1.1. Process-Memory Bus

usually short, high speed bus

1.2. IO Bus

lengthy, can have many types of devices connected to them, and can have a wide range in the data bandwidth.

PCI: faster, usually used for graphics and some other higher-performance IO peripheral bus: slower bus (e.g: SCSI, SATA, USB) connecting slow devices (e.g: keyboard, disks, mice)

reference: OSTEP

1.2.1. AGP

1.2.2. PCI Express

bandwidth is determined by generation and length (adapted to lowest one). Here is a simple video tutorial.

Generation double bandwidth in each generation

generation 1: 250GB/s
generation 2: 500GB/s
generation 3: 1GB/s

double bandwidth in each generation Length 1x, 2x, 4x, 8x, 16x 4x can fit into 8x but only half speed

1.2.3. USB

2. Device Interface

From the CPU's perspective, an I/O device appears as a set of special-purpose registers, of three general types:

Status registers provide status information to the CPU about the I/O device. These registers are often read-only, i.e. the CPU can only read their bits, and cannot change them.
control registers are used by the CPU to configure and control the device. Bits in these configuration registers may be write-only, so the CPU can alter them, but not read them back. Most bits in control registers can be both read and written.
Data registers are used to read data from or send data to the I/O device.

The logic circuit that contains these registers is called the device controller, and the software that communicates with the controller is called a device driver.

reference: OSTEP

There are mainly three types of protocols to transfer data between CPU, memory and IO devices.

2.1. programmed IO

Programmed IO (pooling) : CPU constantly monitor (polling) the status register of device, when free, write the command into the command register, and data into data register, waste of CPU when waiting long time.
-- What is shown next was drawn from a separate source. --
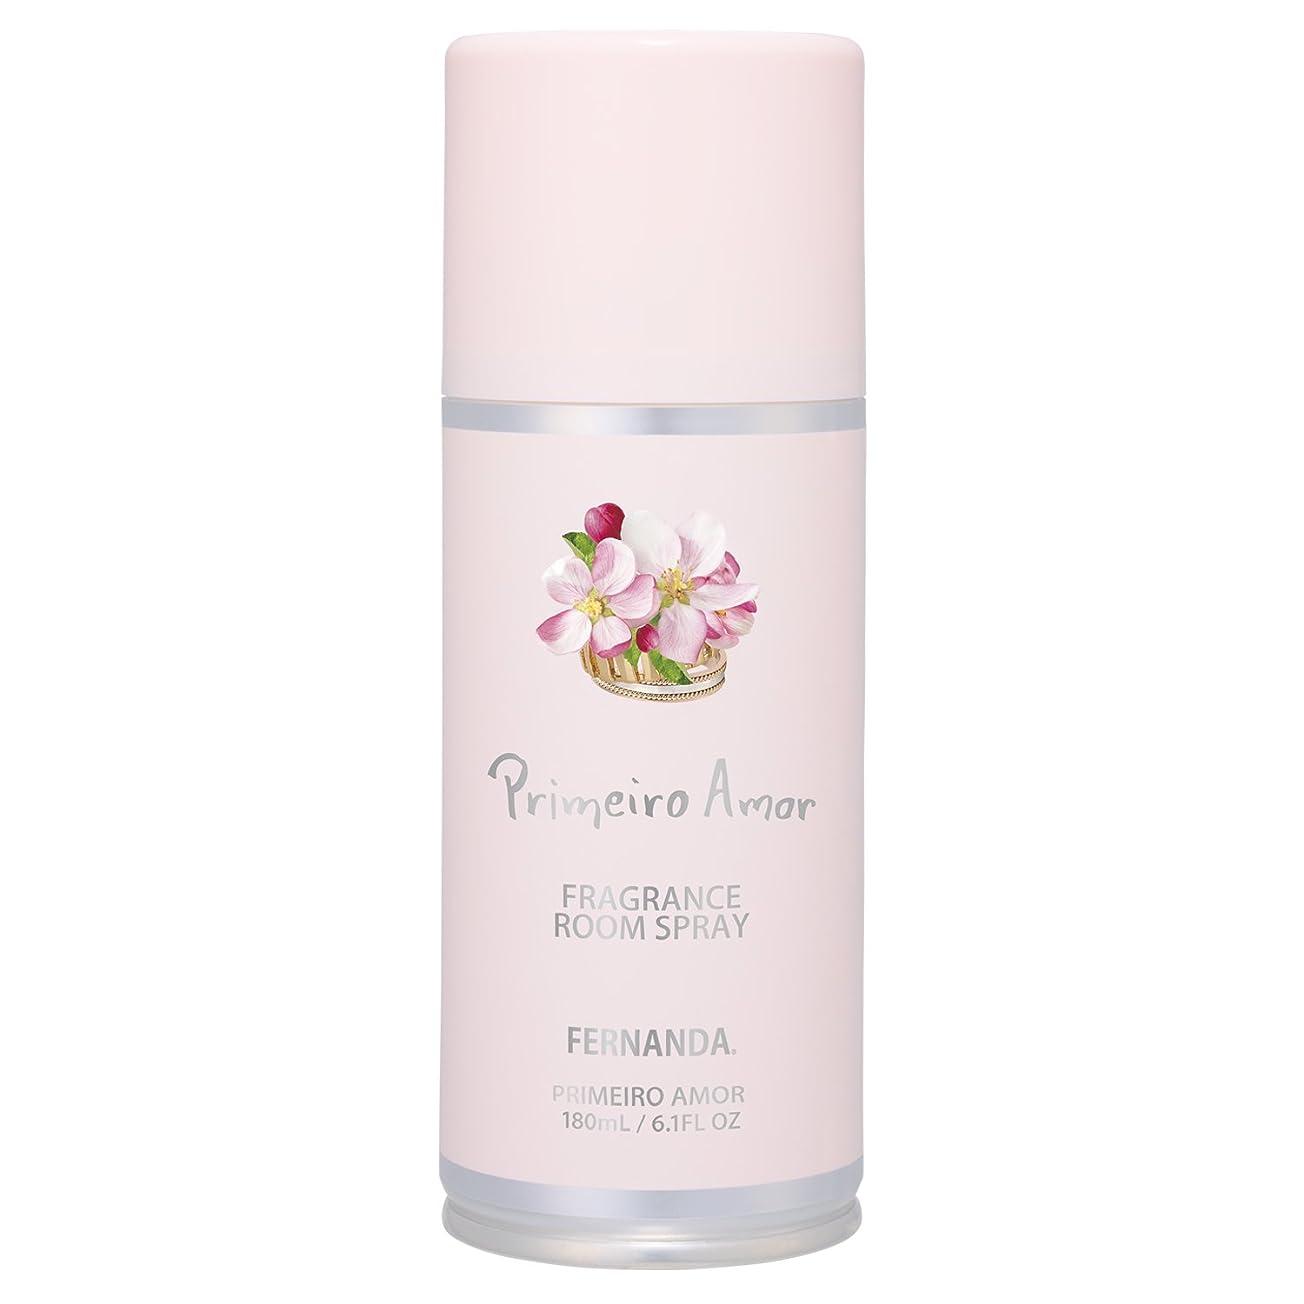 比較的修理工懇願するFERNANDA(フェルナンダ) Room Spray Primeiro Amor(ルームスプレー プリメイロアモール)

It have two communication methods:

2.1.1. Memory Mapped IO

NOT TO BE CONFUSED WITH MMAP: mmap is to map a file to virtual address (OS in charge), this guy is to map phyiscal address to device register (CPU in charge)

Memory-mapped IO: use the same address space as main memory by map registering and ports. Access is done by normal load/store instructions. Common in RISC CPUs.

This web page have a good explanation about memory mapped IO.

2.1.2. Ported Mapped IO

Port-mapped IO: use the separate address space with dedicated instruction (e.g: x86 in/out)

2.2. Interrupt based IO

Interrupt based IO: issue the request and put the process to sleep, when device finish it, raise a hardware interrupt to wake out the process

2.3. DMA

DMA (direct memory access): A specific device that can orchestrate transfers between devices and main memory without much CPU usage.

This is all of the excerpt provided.